The imaginal cells see the injustices in the economic systems. They benefit wealthy individuals at the top and often fail to help those at the bottom of the economic ladder. They also give some corporations almost unlimited power to access Earth’s resources. Earth’s resources and ecosystems are plundered before Earth can replace them. This is especially a problem in the under-developed world where soils and forests are quickly depleted.
Stage 3: The Imaginal cells fight back. This is where we are right now. As was the case in the appearance of imaginal cells in the cocoon, individual imaginal cells join together with others in local communities in all parts of the world. All of them in different ways are experiencing the realities of climate change—heat waves, rising oceans, hurricanes tornadoes, droughts and damaged crops, and so forth.
Stage 4: A New Vision and System Development When the imaginal community groups are asked what they are fighting for, they will inevitable say that they are fighting for a shared vision and the development of new systems.
The vision is critical. It must hold them together and help them deal with the problems they are facing. They recognize the major problem is the abuse of the Earth they depend upon for their continued existence. So they develop visions that are mutually enhancing—visions that support Earth, humans and other species.
In terms of new systems the major systems will be the economic systems. The are key to a continued existence and survival. But, as with their vision, they need to develop living systems that can thrive within a living Earth. And where will we find the resources and expertise to develop these systems? Here I suspect we will take a page from the original imaginal cells.
When the caterpillar in the cocoon dissolved into a gooey mass the imaginal cells used some of the elements of the caterpillar’s cells to create their own future. I suspect we will do the same thing. We will evaluate what we need –the science and the technology for example—that is consistent with our visions and use them to create new systems that can live within a living Earth. (I think some of these systems are already emerging, for example Kate Raworth’s Doughnut Economy. The Green New Deal also holds out some potential benefits.)

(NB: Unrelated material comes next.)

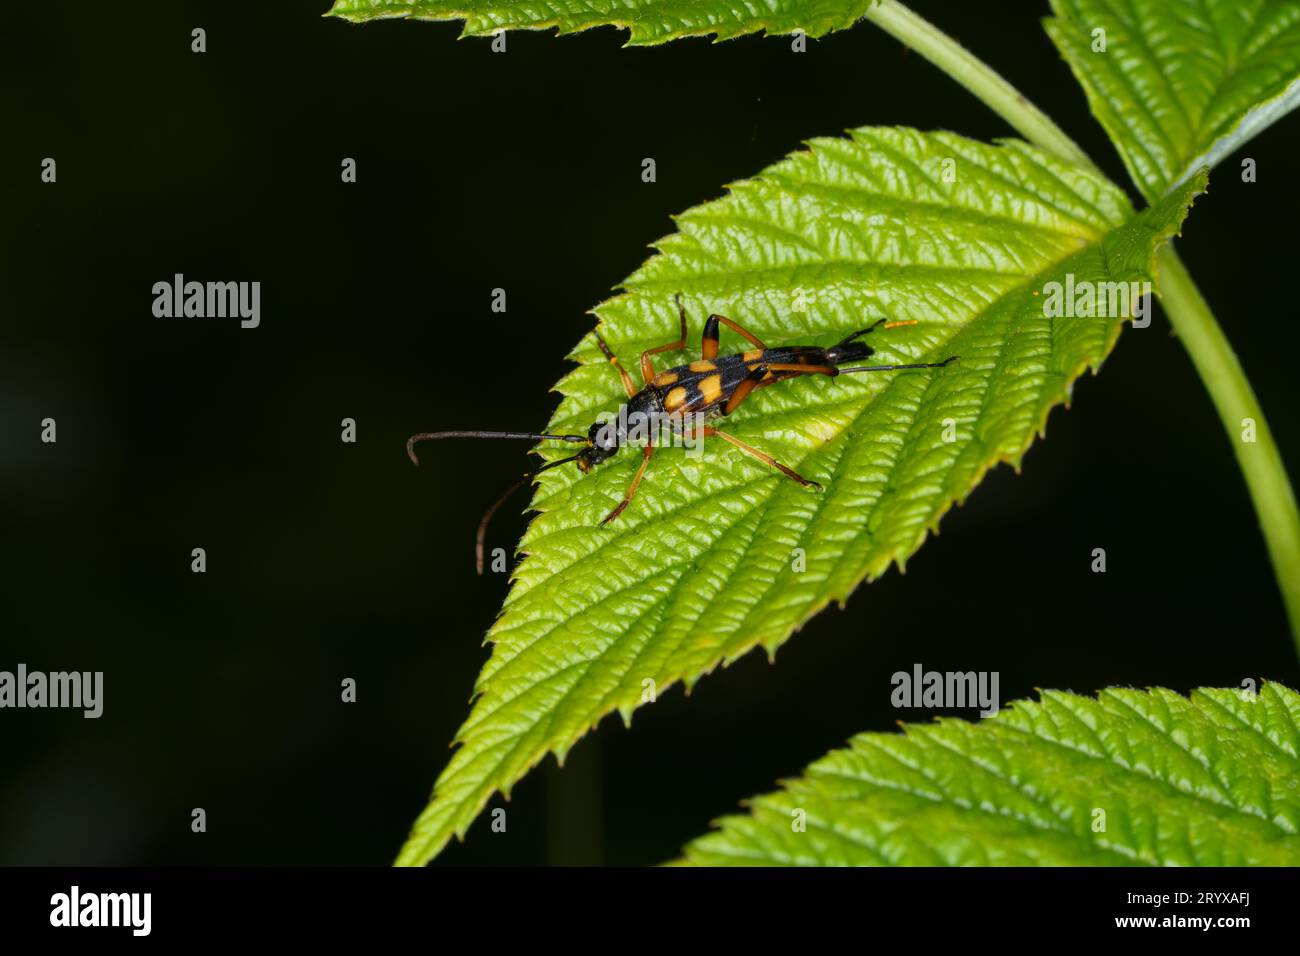 Strangalia attenuata Familie Cerambycidae Gattung Strangalia wilde Natur Insektenfotografie, Bild, Tapete Stockfoto

Stage 5: Towards a Viable Future. Just as the caterpillar broke out of the cocoon, we will break out of the economic systems and the flawed political and legal systems that have held us captive for so long. With new visions and new systems we will create a new kind of world
Conclusion
In this chronicle I have told two stories, the original story of the caterpillar and an imaginary story of the challenge we face in a climate changing world. Given what we have been doing to it, Earth will continue to “act out” to create some kind of balance for itself….with or without our continued existence.